Micro-Frontends: Module Federation, Independent Deployment, and Shared State
Implement micro-frontends with Webpack Module Federation — independent deployment, shared dependencies, cross-app state management, and when micro-frontends are
Micro-Frontends: Module Federation, Independent Deployment, and Shared State
Micro-frontends apply the microservices principle to the frontend: instead of one large application, you have multiple independently deployable frontend apps that compose into a single user experience. A team can ship the checkout widget without touching the product catalog, and the navigation bar team can release independently of everyone else.
This solves real problems at large organizations. It also introduces significant complexity that makes no sense for smaller teams. Start with the tradeoffs.

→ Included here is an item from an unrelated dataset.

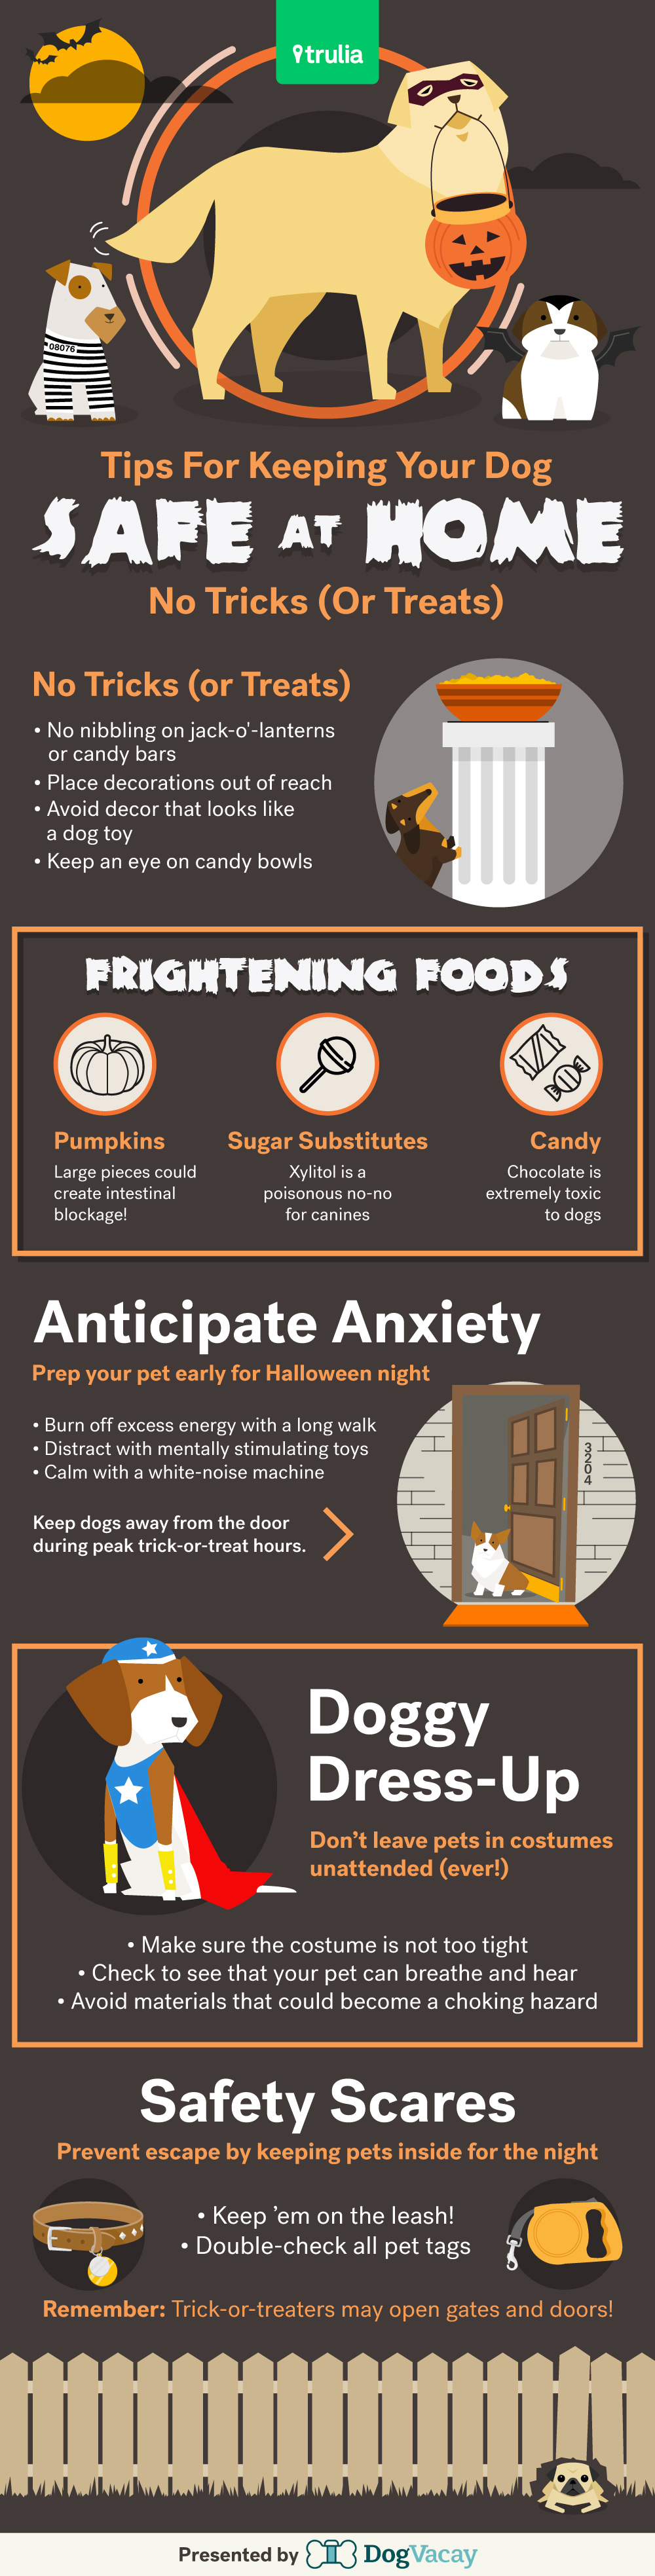 DogVacay halloween safety tips

When Micro-Frontends Make Sense
| Signal | Details |
|---|---|
| Multiple teams on one frontend | 5+ teams merging PRs to the same repo causes constant conflicts |
| Different release cadences | Team A ships daily; team B ships monthly — they shouldn't block each other |
| Different tech stacks | Legacy Angular + new React — Module Federation lets them coexist |
| Organizational autonomy | Business units want independent ownership and deployment |
When they don't make sense:
- Teams < 20 engineers — shared monorepo with Nx/Turborepo is simpler
- Greenfield product — you don't know where the seams are yet
- Single team — independent deployment doesn't help if one team owns everything
- Tight shared state — frequent cross-app state updates negate isolation benefits
Module Federation: The Core Mechanism
Webpack 5's Module Federation allows a JavaScript bundle to expose modules that other bundles consume at runtime — without bundling them at build time.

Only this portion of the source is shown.